Knight-hood is a dignity, but Esquires and Gen­tlemen are but names of worship, An. 14. H. 5. And Brooke in his Abridgement in that case, Tit nosmer de dignity, 33. saith, to bee a Knight est Gradus, but to bee an Esquire or Gentleman est Status. For Gra­dus continet Statum in se, & non e contrari, vide The­soal. 105. concerning this word (worshipfull,) read in the printed booke, Master Seldens title of honour, Prima pars fol. 124. & sequentia.

In time past, every Knight had two of these wai­ting upon him, they carried his morion and shield, and as inseperable Companions, they stuck close to [Page 144] him because of the said Knight their Lord, they had certaine lands in escuage, like as had the Knight him­selfe, who held them of the King by Knights ser­vice.

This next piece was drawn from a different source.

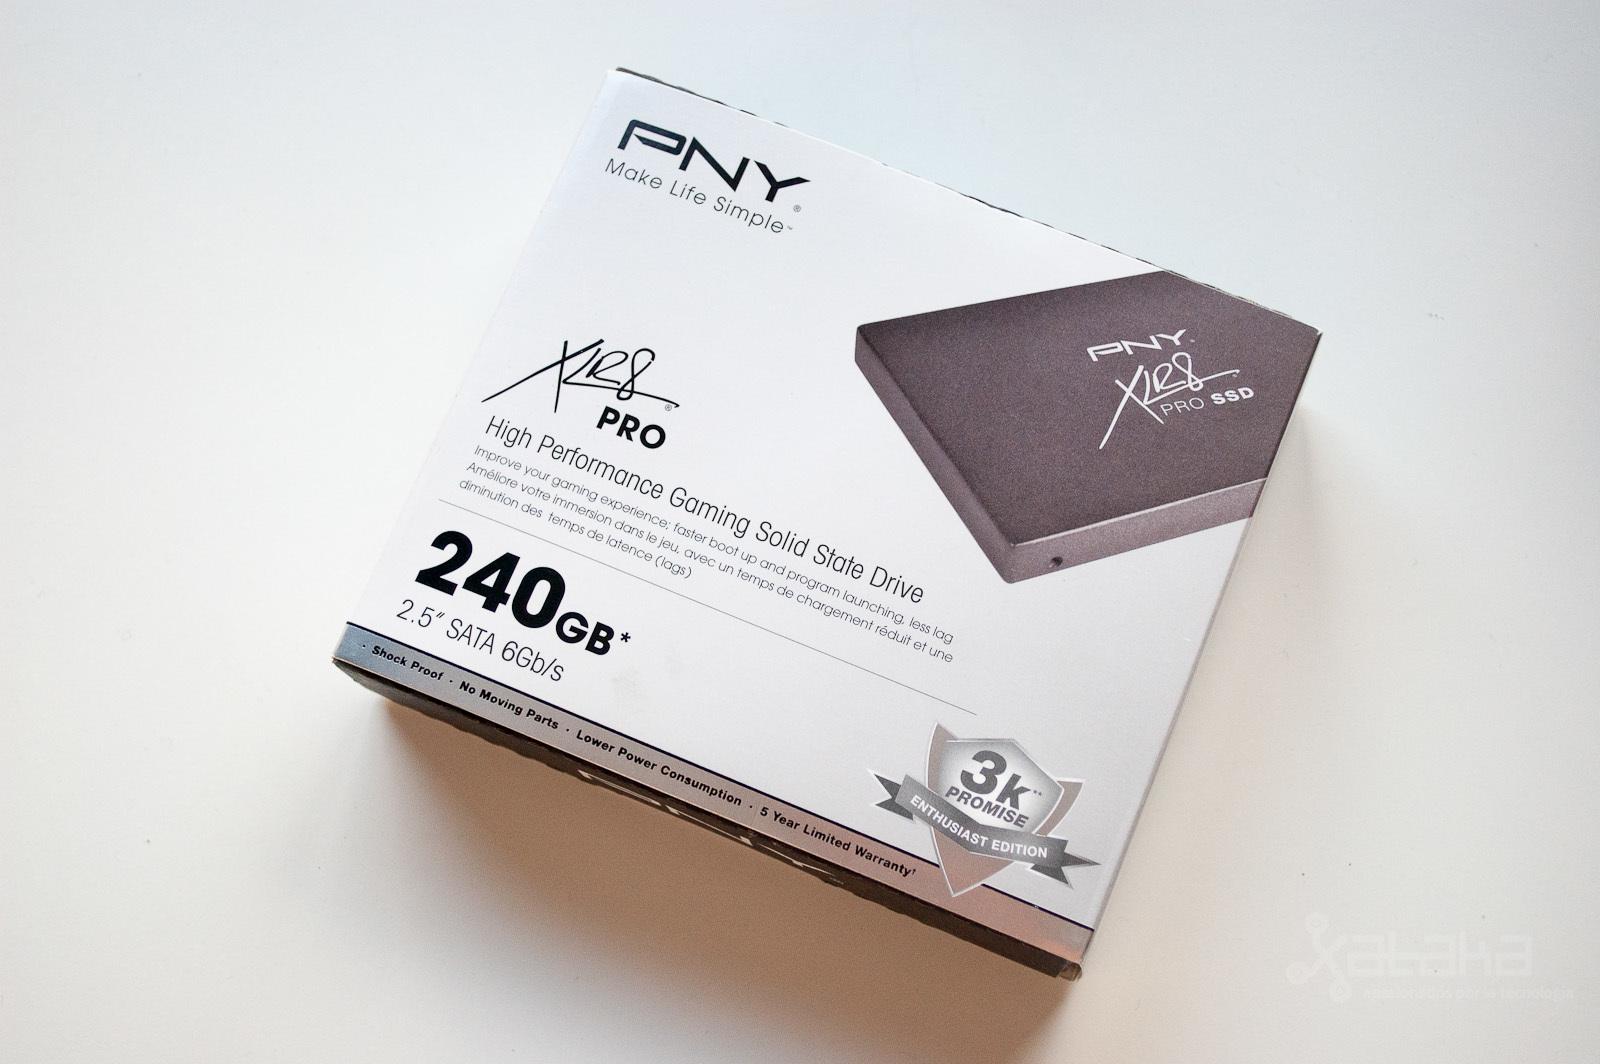 Foto de PNY XLR8 Pro SSD, análisis (1/11)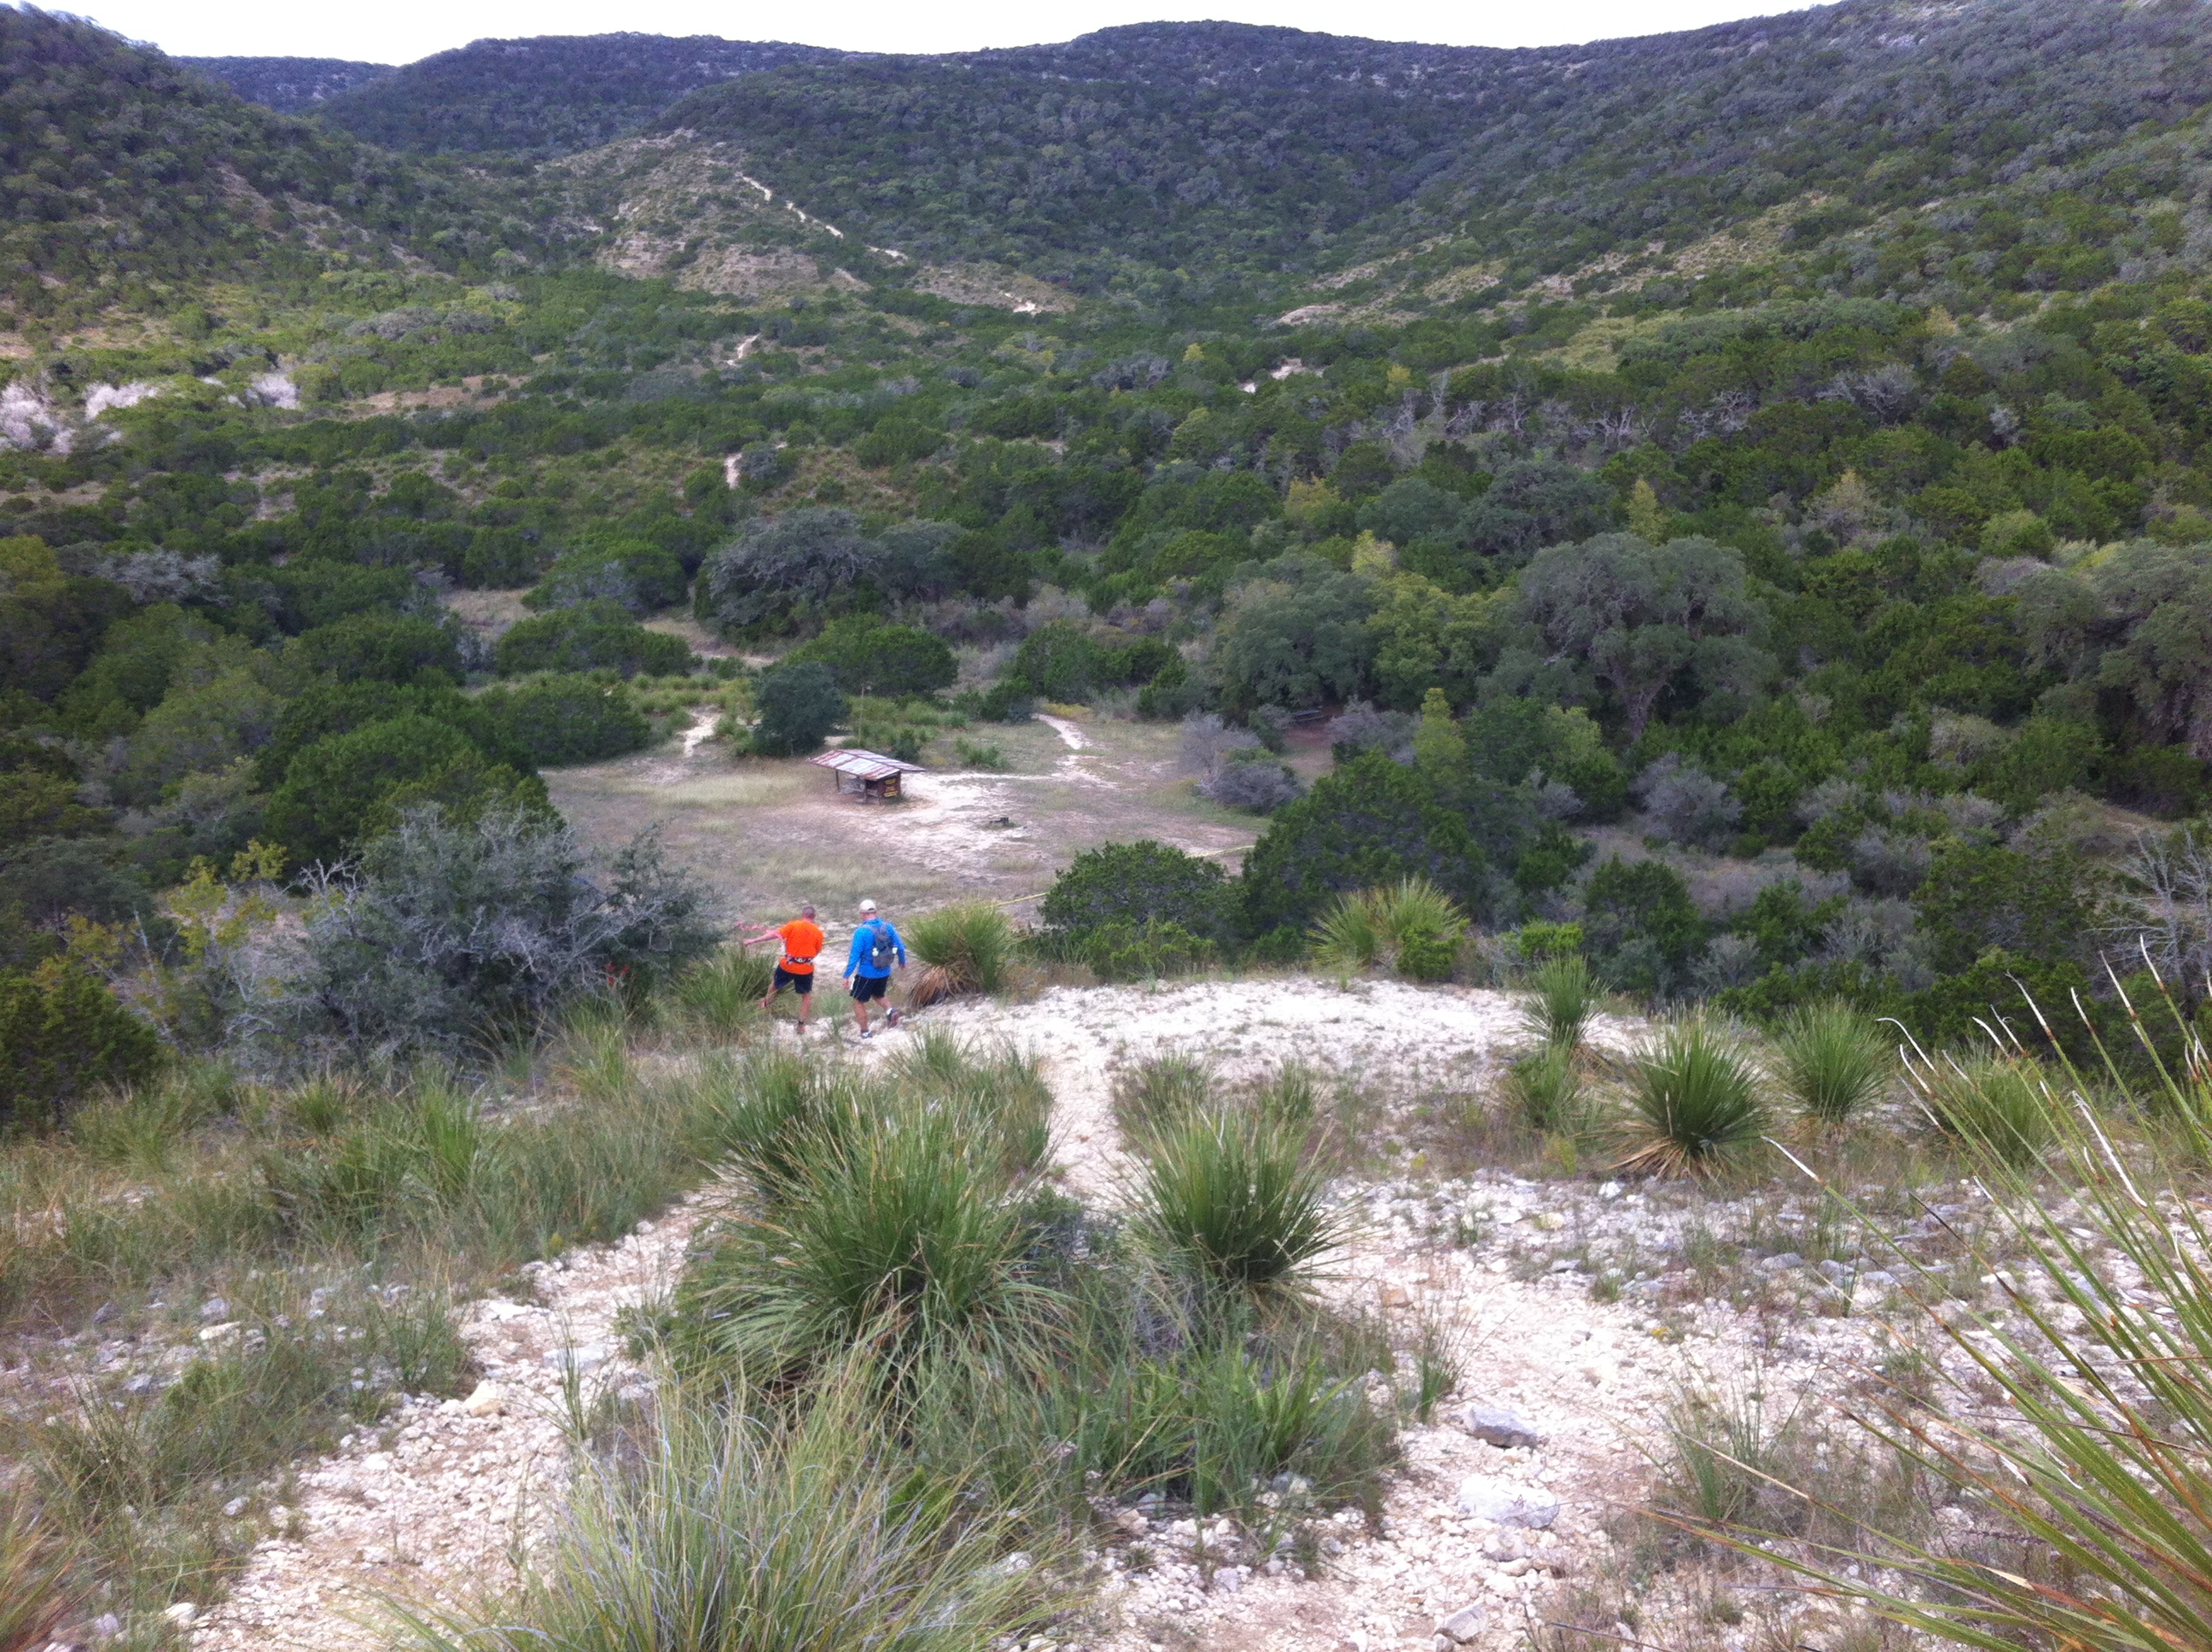 cactus rose ultra trail run relay

The beginning of armes in Europe amongst Chri­stians is supposed from the holy warres, for the Turke paint them not, and so with us about H. 3. They be­came more hereditarily established, and when the Prince enabled any, hee gave them the particuler of his bearing in Blason, Master Seld [...]n in his Preface fol. 5. where you may also see an example in the Raigne of R. 2.

But now adayes there are five distinct sorts of these, for those whom I have spoken already, bee now no more in any request, the principall Esquires at this day, are accompted those, that are elected Esquires for the Princes body. The next unto them be Knights eldest Sonnes successively; In a third place are repu­ted younger Sonnes of the eldest Sonnes of Barons, and of other Nobles of higher estate; and when such Heires Males failes, together with them also the title faileth.

In a fourth ranke are reckoned those, unto whom the King himselfe together with the title giveth armes, or createth Esquires by putting about their necks a silver Collar of S. S. and in former times upon their heeles a paire of white spurres silvered, whereupon at this day in the West part of the King­dome, they are called white spurres, and to the first begotten Sonne onely of these doth this title be­long.

In a fift and last place be those ranked, and taken for [Page 145] Esquires, who have any superiour publike office in the Common-wealth, or serve the Prince in any worship­full calling, at the Coronations of Kings and Queenes, Knights of the Bath are made men of worth, and ho­nourable blood, to the end that their Majesties may bee accompanied in their owne honours, every of which Knight having two Gentlemen to attend him in that Ceremonie, who are ever after enabled by that service to be Esquires during their lives.

But this name of Esquire, which in ancient time was a name of charge and office only, first crept in amongst other titles of dignity and worship (so farre as ever I could observe) In the raigne of R. 2. Camden, fol. 176. vide Sir Thomas Smith de republica, Anglorum fol. 26. where saith he, that the Esquire is no distinct order of the Common-wealth, and here­of see the statute of An. 16. R. 2. cap 4. and an. ejus­dem Regis, cap. 2.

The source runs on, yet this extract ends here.